I had my first fashion class, and I knew it wasn’t for me. I had already been veering off of fashion on this blog, and I didn’t feel as interested and in love as I used to be. When I was in class, I felt judged. Being in a fashion class meant you had to look good. You told someone you were a fashion major and they would check out your outfit. Wait, you’re wearing a band t-shirt and gym shorts? How are you a fashion major? That’s how I felt going into fashion. You always have eyes on you. I felt myself stressing over what I was supposed to wear that day, and it didn’t help that my friends at the time were also fashion majors. They always looked put together. I wore something random out of my closet and I looked like trash. It just felt wrong.
So I kept going to my fashion class, and I toughed it out (I even got an A- in the class, thanks to a project on Disney). I realized that I would much rather be studying writing and Communications instead of Fashion Communication. It fit me. Fashion didn’t. Yeah, I liked dressing up when I wanted to and I loved shopping, but it didn’t mean I had to study fashion. I’m still a huge fan of Instagram and I post about clothes as much as I can, because let’s face it, I still have enough clothes to fill an entire room. I didn’t necessarily want a career in fashion, and that’s one of the main reasons why I switched. It was cool to begin with, but then I decided I needed to pursue what I really loved: just plain writing about whatever I wanted to.
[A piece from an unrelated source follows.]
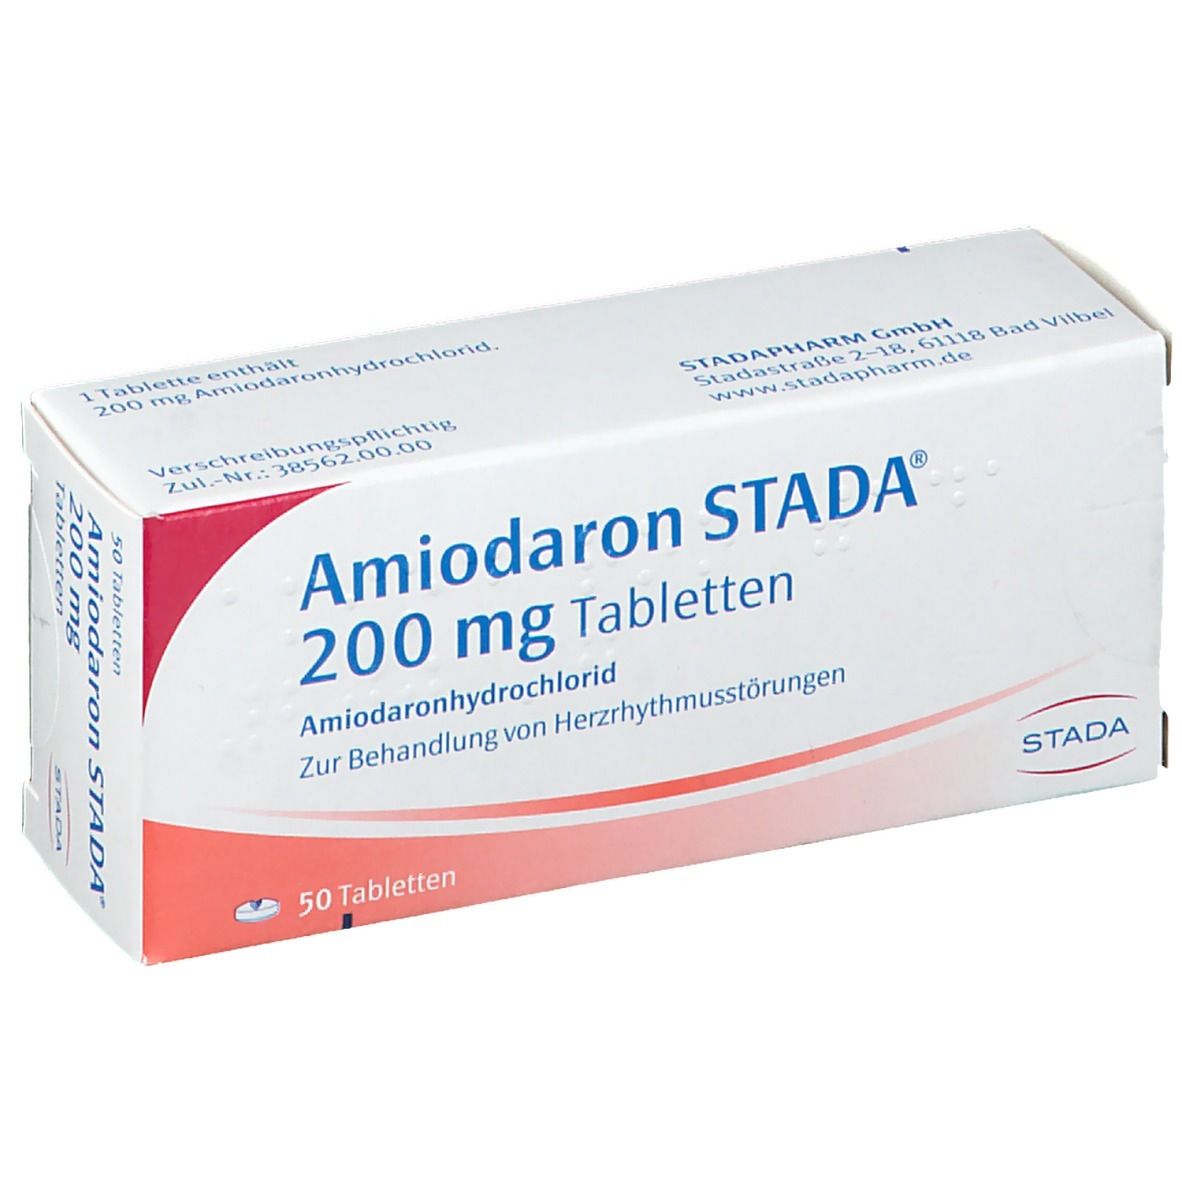 Amiodaron STADA® 200 mg

Now, instead of studying fashion and writing about fashion, I feel free. I can wear any outfit I want to. I can experiment with my clothes and rock what I feel great in, without constantly worrying about being judged. I’ve always been self-conscious about my style, and I think by studying fashion it made me even more nervous about wearing the wrong outfit or not knowing who a designer is or anything like that. Now that I’m not attached to it, I can choose what I wear without any stress. If I want to wear leggings and a t-shirt (I know, I know) to class that day because I’m feeling under the weather, I can do that without thinking I’ll look bad. I can also write about whatever I choose on this blog. If I want to write about college or my day or give tips, I can do that. This blog is about anything, and I love that. I can be myself, and I think that’s the most important thing in college.
And I’m much happier because I changed my major and my blog. I still have friends in the fashion program and I’m even taking another semi-fashion class next year to fill a requirement. But fashion isn’t what I want to do in life. Styling outfits and taking pictures is just a hobby of mine, and I’ll keep it that way. I’m a writer, in and out. Fashion was a cool experiment and all, but at least I tried it. I’m glad I figured it out early on in college.
Just because you like something, it doesn’t mean you have to make it your career. You don’t have to study it. Don’t force yourself to do anything if you don’t really like it. That’s the best part about life: if you don’t want to do something, you can change it around. It’s okay to figure out your life as you go through it. That’s all part of the journey in this world.